Zwanger van haar eerste kind vluchtte mevrouw Van Eijk te voet over de Pyreneeën. Een tocht die niet minder zwaar was dan de tocht die haar Joop onderweg naar Spanje had moeten doorstaan. Met een koffer op haar hoofd trotseerde ze sneeuwstormen en belandde in Frankrijk. Daar werd ze in een interneringskamp gezet. Haar grote Hollandse liefde kwam dat ter ore en hij zette alles op alles om haar op te halen. Hij reisde samen met een Franssprekende kennis op een geleend rijbewijs naar Frankrijk. Ter plaatse lukte het hem om te regelen dat hij zijn vrouw even mocht zien. Samen met een politiecommissaris ging hij naar het kamp en mocht daar met zijn echtgenote spreken. Uiteindelijk heeft hij haar met hulp van een lokale, communistische burgemeester kunnen laten ontsnappen uit het kamp. De burgemeester zei tegen mevrouw Van Eijk dat ze iedere dag een stuk moest gaan lopen. Op een dag stond er vlakbij het kamp een auto voor haar klaar, waarna ze door de chauffeur op de trein naar Versailles werd gezet. Daar stond haar man volgens afspraak op haar te wachten.

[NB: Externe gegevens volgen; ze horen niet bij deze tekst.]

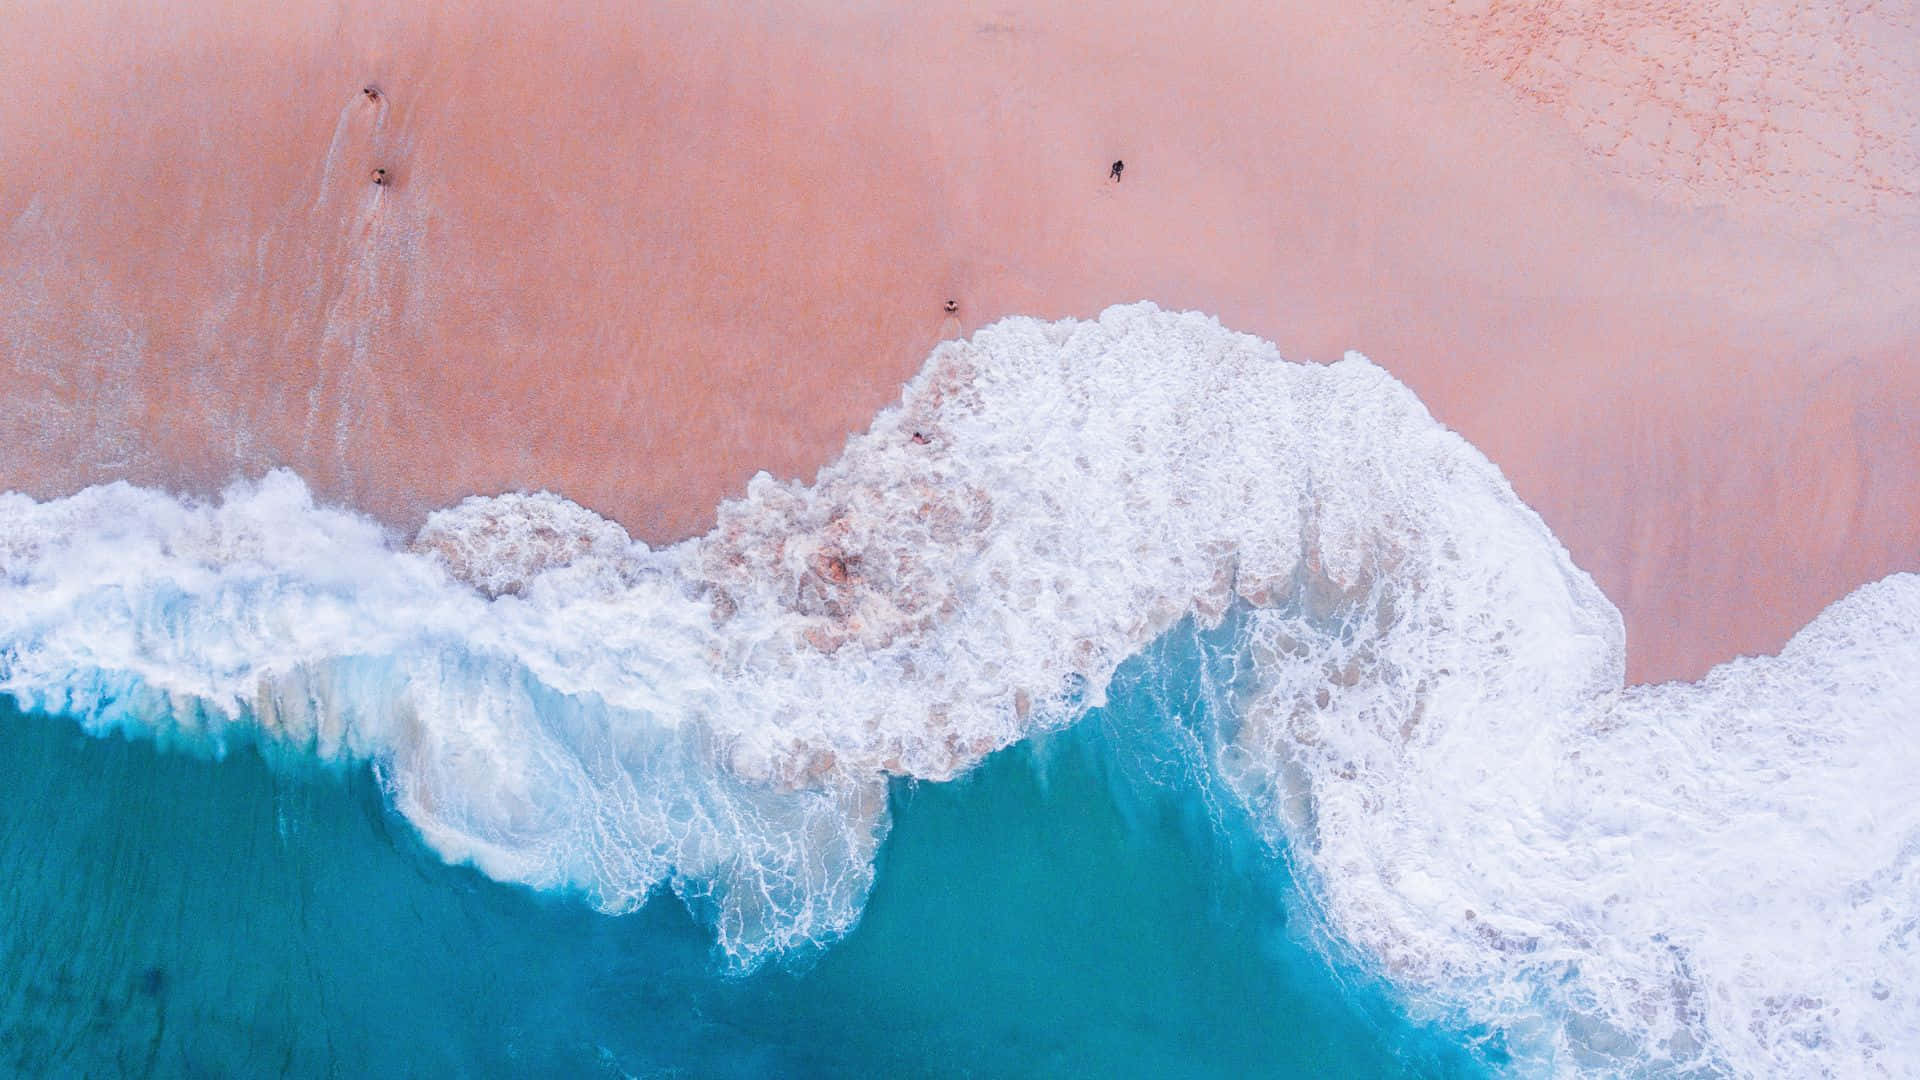 Unavista Impresionante De La Playa Rosa En El Paraíso. Fondo de pantalla

Na weken door Frankrijk en België te hebben gelopen, namen ze de laatste hindernis; het oversteken van de Belgisch-Nederlandse grens. Na een mislukte poging lukte het uiteindelijk om op 19 maart 1939, tijdens de voetbalwedstrijd België – Nederland, ongezien de grens over te steken. Een bijzonder ‘cadeau’ voor mevrouw Van Eijk die op diezelfde dag jarig was. Het pasgetrouwde stel streek neer op de Govert Flinckstraat in Amsterdam. In augustus werd hun eerste dochter geboren die de roepnaam Elly kreeg. Niet veel later werd Van Eijk opgepakt voor het smokkelen van zijn vrouw. Zo vertelde hij: “Ik werd naar Breda gestuurd. Daar heb ik dertig dagen gezeten voor 'het smokkelen van mensen'. Ik had een mens gesmokkeld.” Zijn vrouw bleef alleen achter in het huis in Amsterdam met hun dochter.

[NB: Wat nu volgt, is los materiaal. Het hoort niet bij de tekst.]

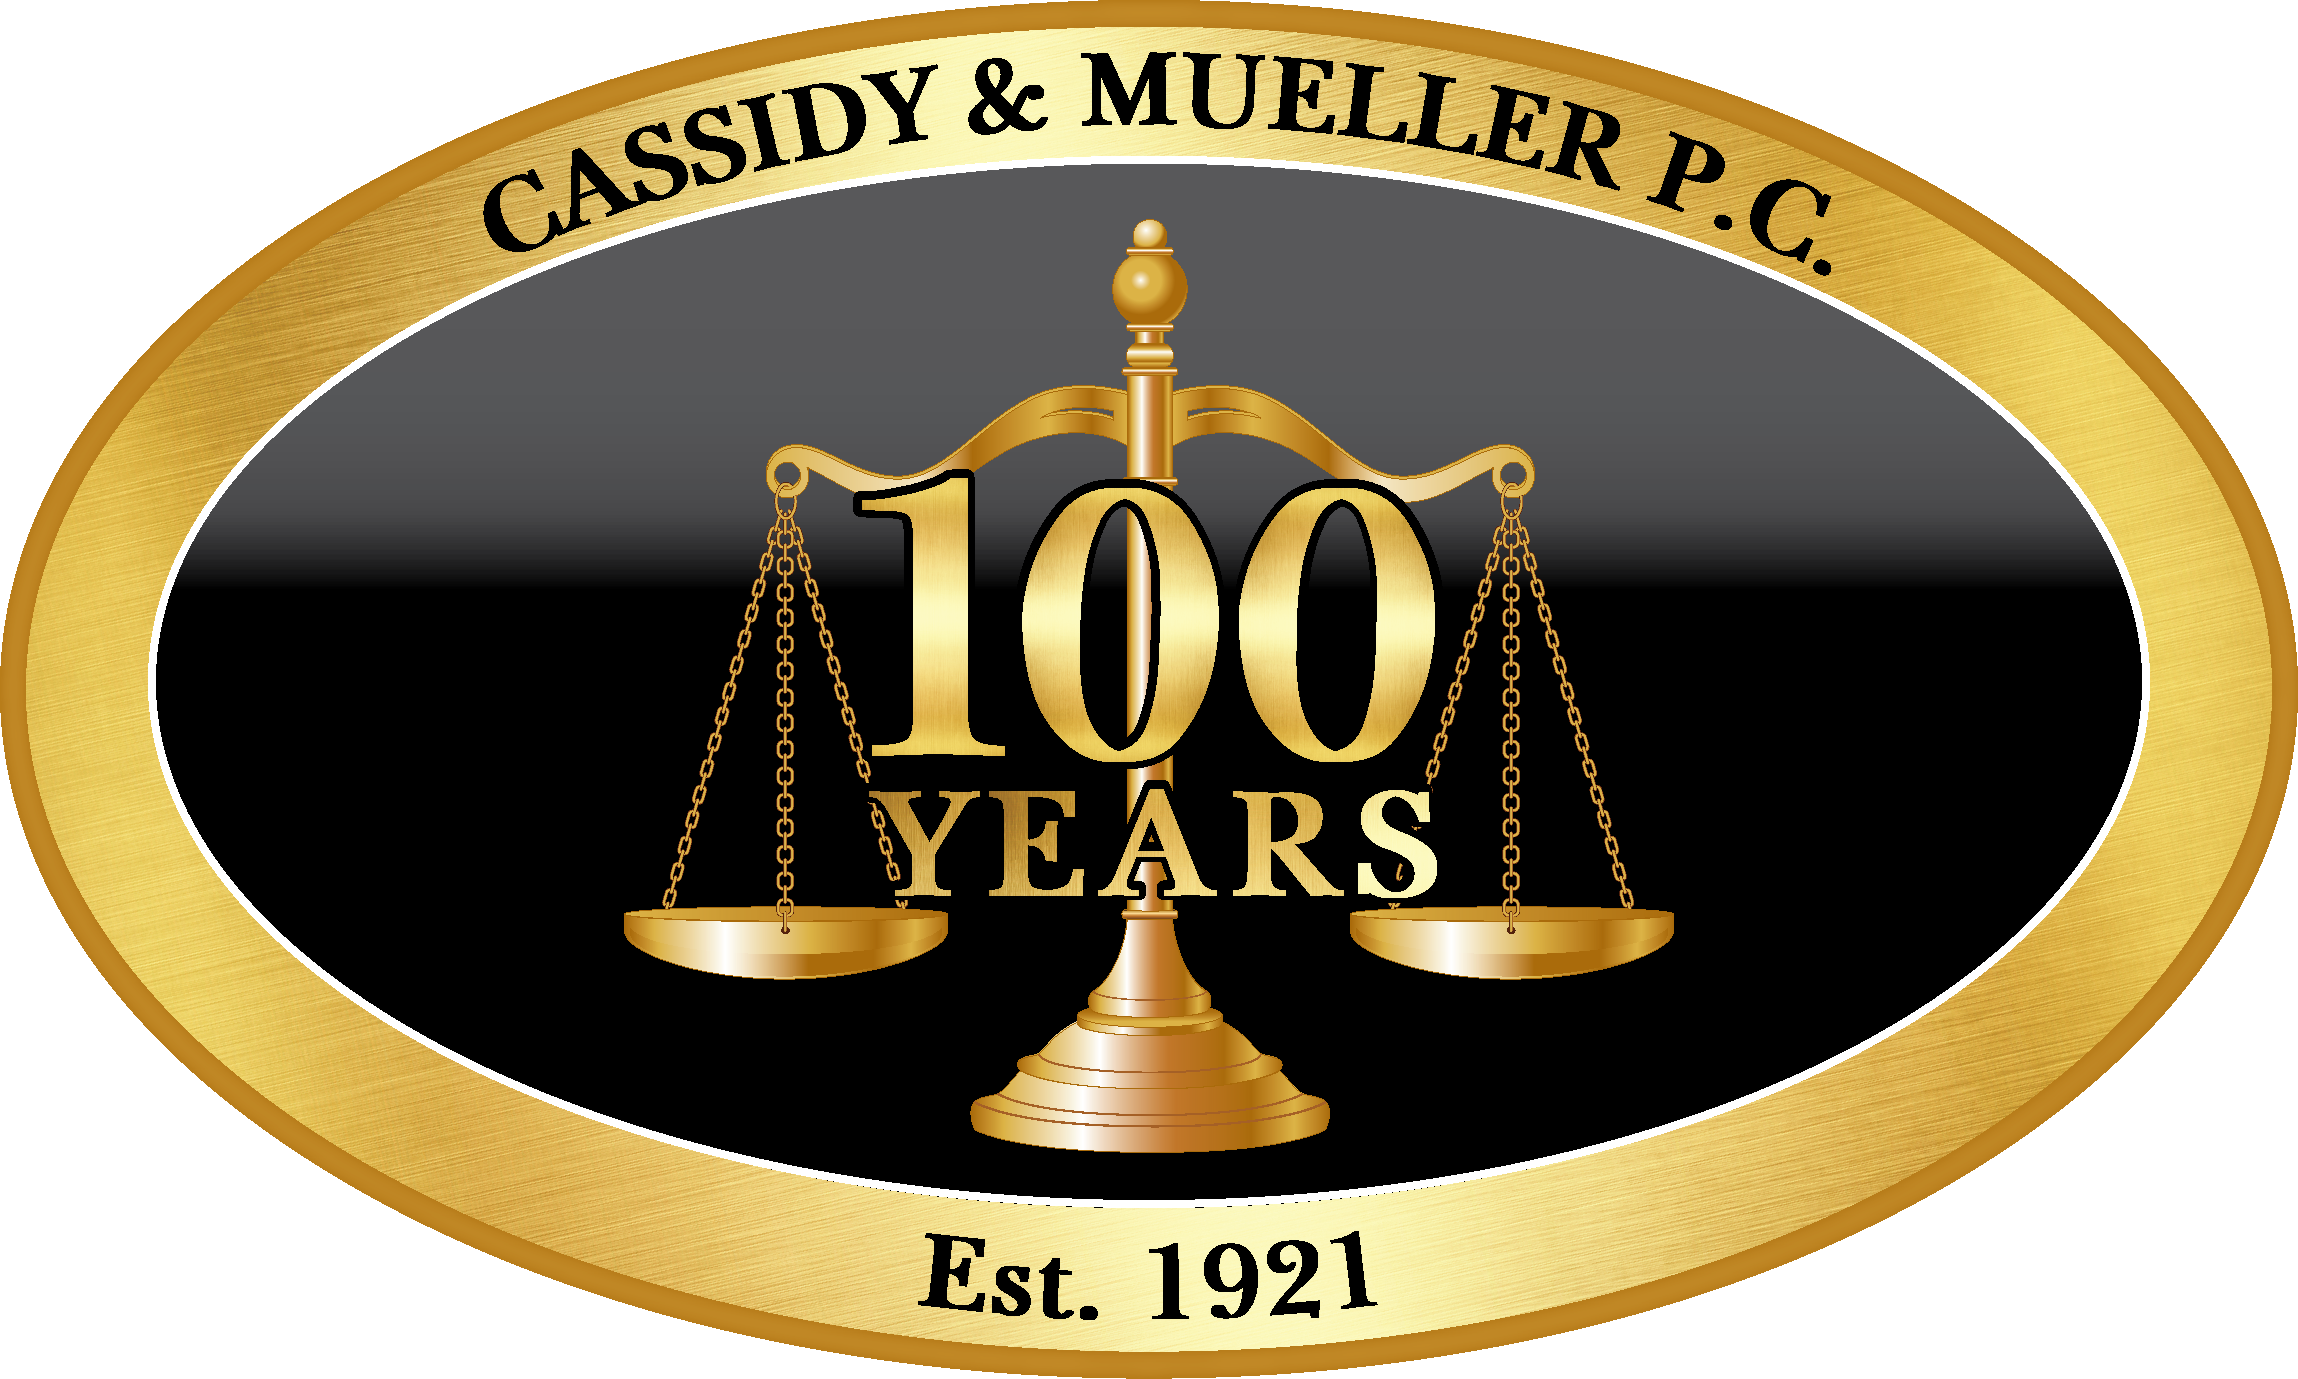 Cassidy & Mueller

Het verliefde stel had gehoopt in een rustiger omgeving hun gezin te kunnen uitbreiden, maar niet veel later begon de Tweede Wereldoorlog. Van Eijk sloot zich al snel aan bij het verzet en deed kleine sabotagedaden: “Ik heb toen met een student in Diemen een grote kledingopslagplaats voor de soldaten, Winterhulp of iets dergelijks, in brand gestoken.” Het liep maar net goed af herinnerde Van Eijk zich: “We werden gesnapt. We hebben weg kunnen komen en toen hebben we met z’n tweeën met onze fiets twee uur in de sloot gezeten. Toen kwamen steeds die auto's en motoren van Duitsers en NSB'ers.”

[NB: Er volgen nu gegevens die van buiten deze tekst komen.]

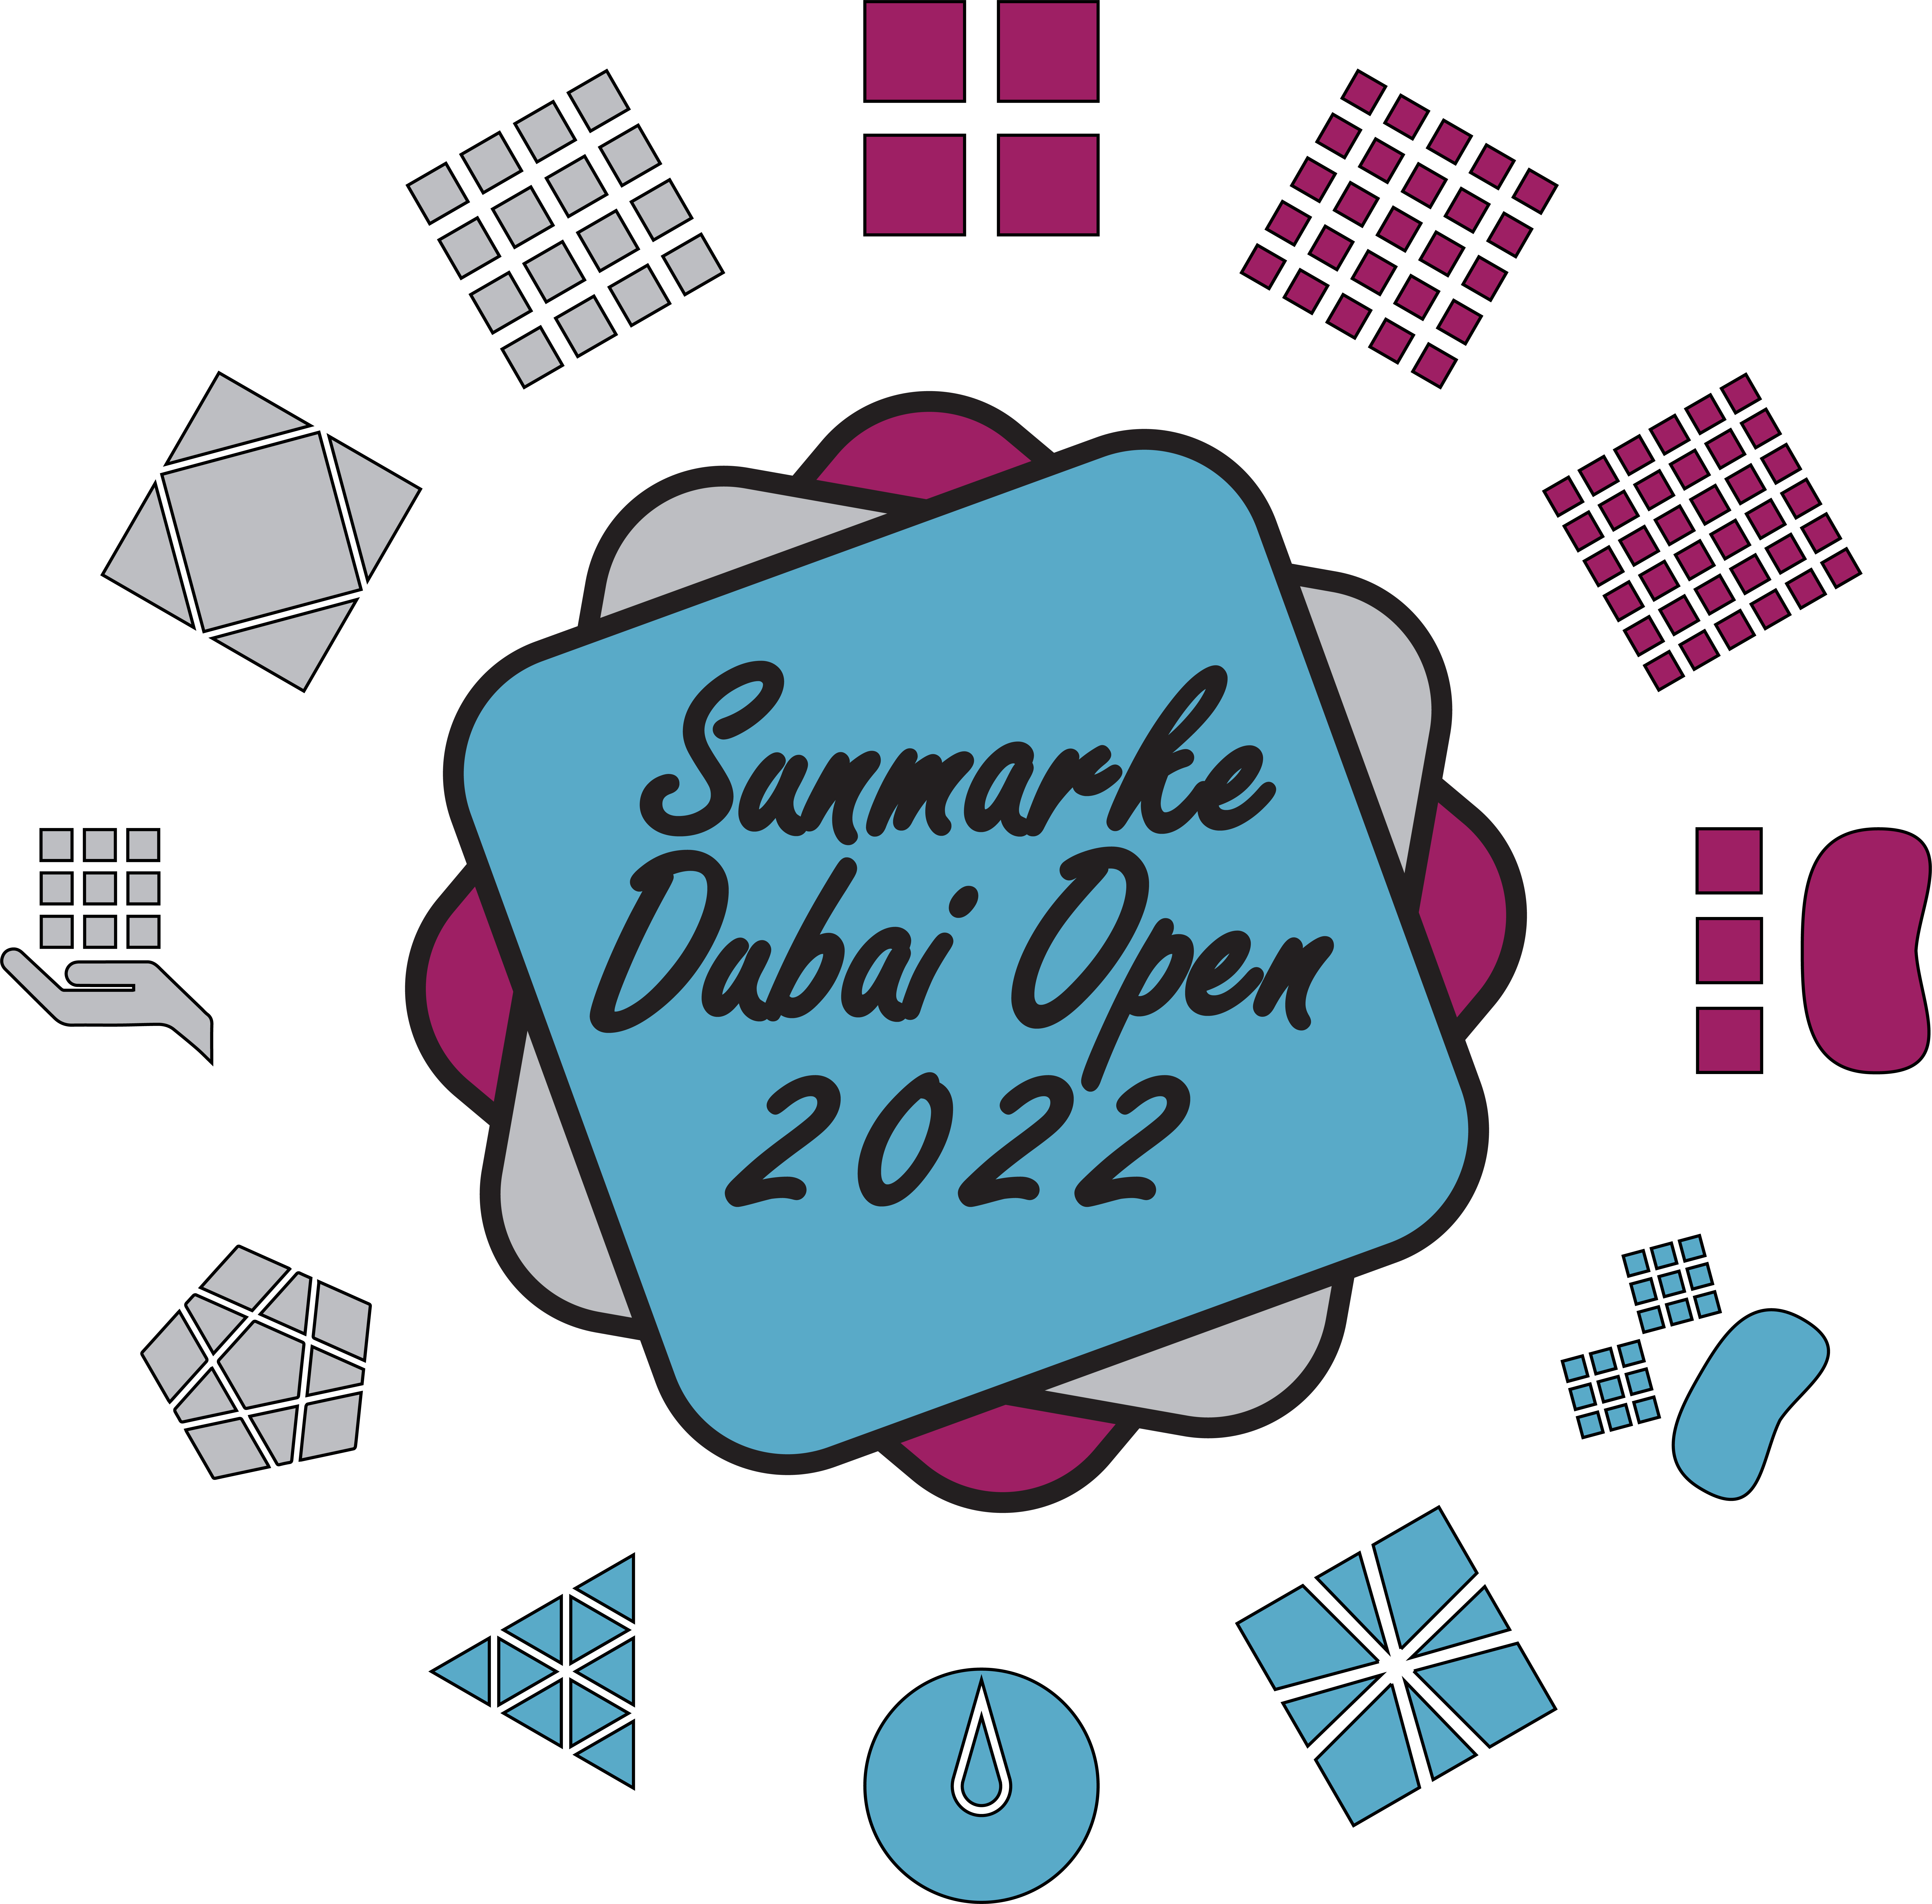 Sunmarke Dubai Open 2022

Na verloop van tijd werd het verzet steeds beter georganiseerd en werd Van Eijk compagniescommandant bij de Binnenlandse Strijdkrachten. Door de rollen die hij vervulde in het verzet hadden hij en zijn gezin het relatief goed in de oorlog. Van Eijk regelde de voedselvoorziening voor onderduikers. Het gezin had voldoende eten en voedselbonnen en ze deelden ook bonnen uit aan onder andere een vrouw met een kind wier Joodse man was weggevoerd. De oud-Spanjestrijder regelde niet alleen de voedselvoorziening, maar was vaak betrokken bij riskante operaties. Zo werd zijn huis gebruikt als opslag van illegale goederen en deed hij overvallen op distributiekantoren. Ook kwam verzetsicoon Hannie Schaft bij hen thuis om pistolen af te geven. Ondanks vele penibele situaties is hij nooit opgepakt. Direct na het einde van de oorlog keerde het lot zich toch tegen hem. Van Eijk werd door Canadezen aangereden toen hij even iets moest wegbrengen op de motor van zijn ordonnans. Naast een schedelbasisfractuur raakte hij ook gewond aan zijn goede, rechterarm. Hij kwam terecht in het militaire ziekenhuis in Oog en Al, Utrecht en werd daar als officier verzorgd. Tot eind '47 bleef hij in militaire dienst als zieke, daarna werd hij afgekeurd. Hij kreeg echter geen goed pensioen. Hij werd maar voor 10% afgekeurd.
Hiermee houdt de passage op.